Plasmid transfection for the ssHA-FLAG-CCKAR and the NanoBiT-Gi sensor was performed according to the same procedure as described in the “NanoBiT-G-protein-dissociation assay”. One day after transfection, the cells were collected by adding 200 μl of 0.53 mM EDTA-containing Dulbecco’s PBS (D-PBS), followed by 200 μl of 5 mM HEPES (pH 7.4)-containing Hank’s Balanced Salt Solution (HBSS). The cell suspension was transferred to a 96-well V-bottom plate in duplicate and fluorescently labeled with an anti-FLAG epitope (DYKDDDDK) tag monoclonal antibody (Clone 1E6, FujiFilm Wako Pure Chemicals, cat no. 012-22384; 10 μg per ml diluted in 2% goat serum- and 2 mM EDTA-containing D-PBS (blocking buffer)) and a goat anti-mouse IgG secondary antibody conjugated with Alexa Fluor 488 (Thermo Fisher Scientific, cat no. A11001; 10 μg per ml diluted in the blocking buffer). After washing with D-PBS, the cells were resuspended in 200 μl of 2 mM EDTA-containing-D-PBS and filtered through a 40-μm filter. The fluorescent intensity of single cells was quantified by an EC800 flow cytometer equipped with a 488 nm laser (Sony). The fluorescent signal derived from Alexa Fluor 488 was recorded in an FL1 channel, and the flow cytometry data were analyzed with the FlowJo software (FlowJo). Live cells were gated with a forward scatter (FS-Peak-Lin) cutoff at the 390 setting, with a gain value of 1.7. Values of mean fluorescence intensity (MFI) from approximately 20,000 cells per sample were used for analysis. Typically, we obtained an MFI value of 2000 (arbitrary unit) for WT CCKAR and 20 for the mock transfection. For each experiment, we normalized an MFI value of the mutants by that of WT performed in parallel and denoted relative levels.

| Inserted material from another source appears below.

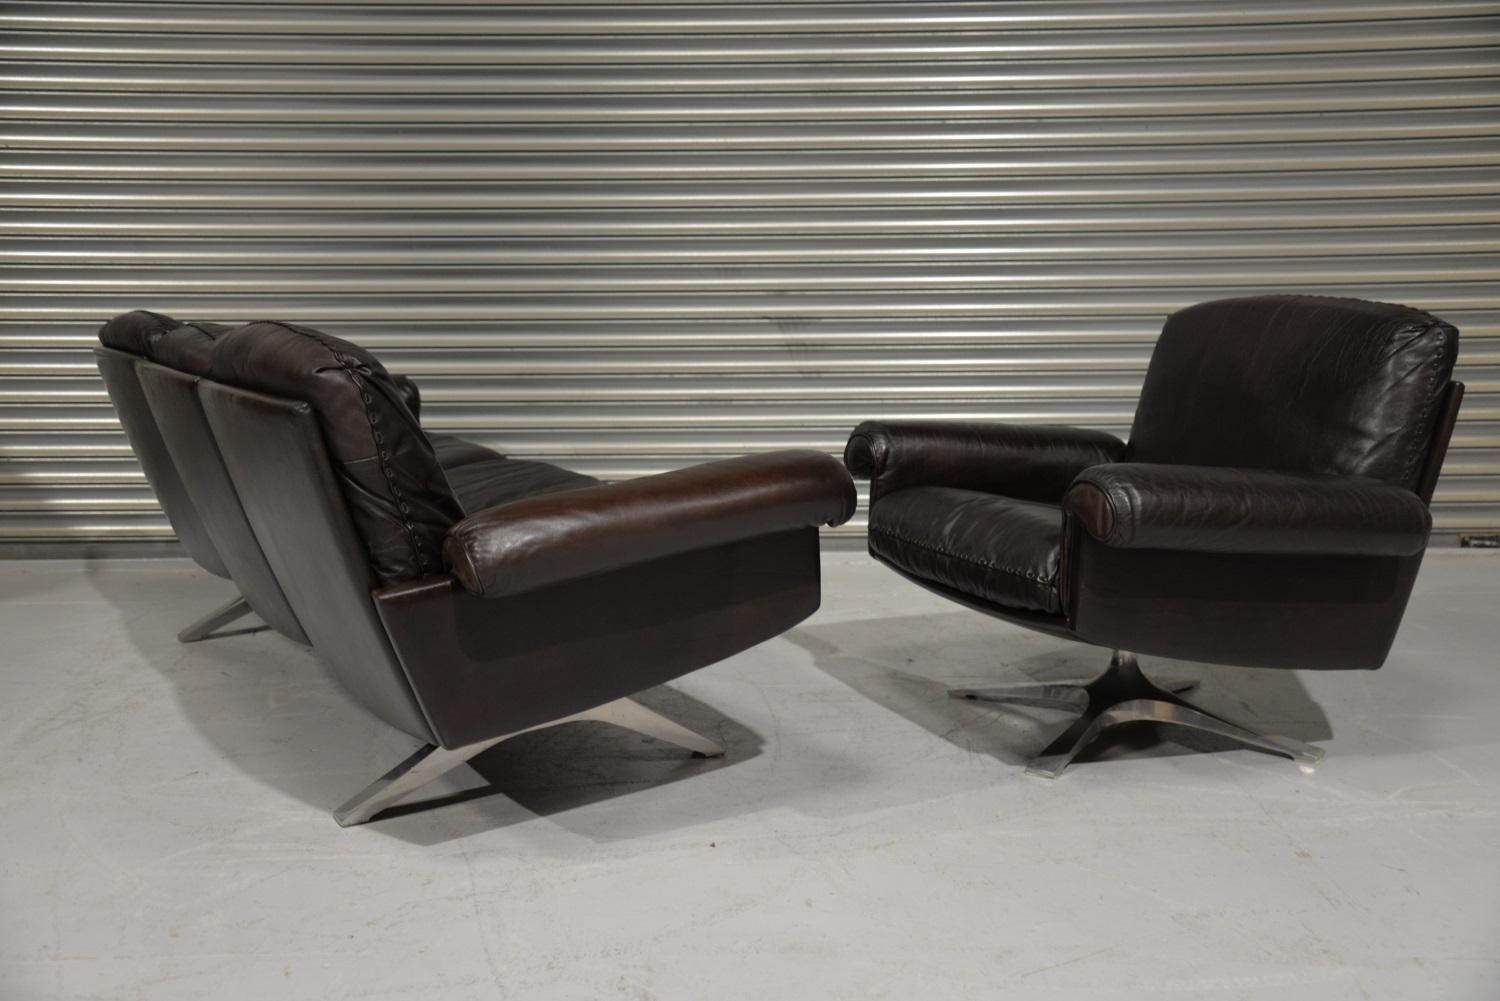 Vintage De Sede DS 31 Leather Sofa and Swivel Armchair, Switzerland, 1970s For Sale 2

Clustering of G-proteins complex conformations

We compared G_i/o and G_s complexes by performing Root Mean Square Deviation (RMSD)-based clustering. To calculate RMSD, we created a list of consensus positions based on all the sequences of GPCR and all G-protein in 362 complexes, by first mapping PDB residues to Uniprot canonical sequences via SIFTS⁴⁵ and then to GPCRdb consensus numbers³¹. We considered 141 GPCR and 73 G-protein consensus positions defining respectively the consensus core of the 7TM domain and the Ras GTPase domain solved in all experimental structures. The complexes were fitted using the Cα atoms of the GPCR core, while the Cα of the G-protein core were used to calculate the RMSD after superimposition. Calculations were performed using the Superimposer function of the PDB Biopython module⁵⁴ (version 1.78) through customized scripts. We performed hierarchical clustering on RMSD using the Ward method with Euclidean distance as metrics, using the clustermap function from seaborn library (version 0.11.1). We compared the distribution of the RMSD calculated among complexes of the G_i/o and G_s groups using a Wilcoxon rank-sum test. Results were displayed through matplotlib (https://matplotlib.org/) and seaborn (https://seaborn.pydata.org/) libraries using customized python scripts. We also calculated the root mean squared fluctuations of the G-protein consensus positions using the following equation:

$${\rho }_{i}=\sqrt{\left\langle {\left({x}_{i}-{x}_{i}^{{\prime} }\right)}^{2}\right\rangle }$$

(2)

where ${x}_{i}$ is the coordinate of particle i and ${x}_{i}^{{\prime} }$ is the coordinate of particle i in the reference structure ‘, which is the complex with the least RMSD deviation from the other complexes (i.e. centroid) in the G_s (PDB: 8E3X) and G_i/o (PDB: 8F7S) groups.

We compared G_s and G_i/o groups RMSFs by performing a Wilcoxon test and we plotted each position and its standard deviation.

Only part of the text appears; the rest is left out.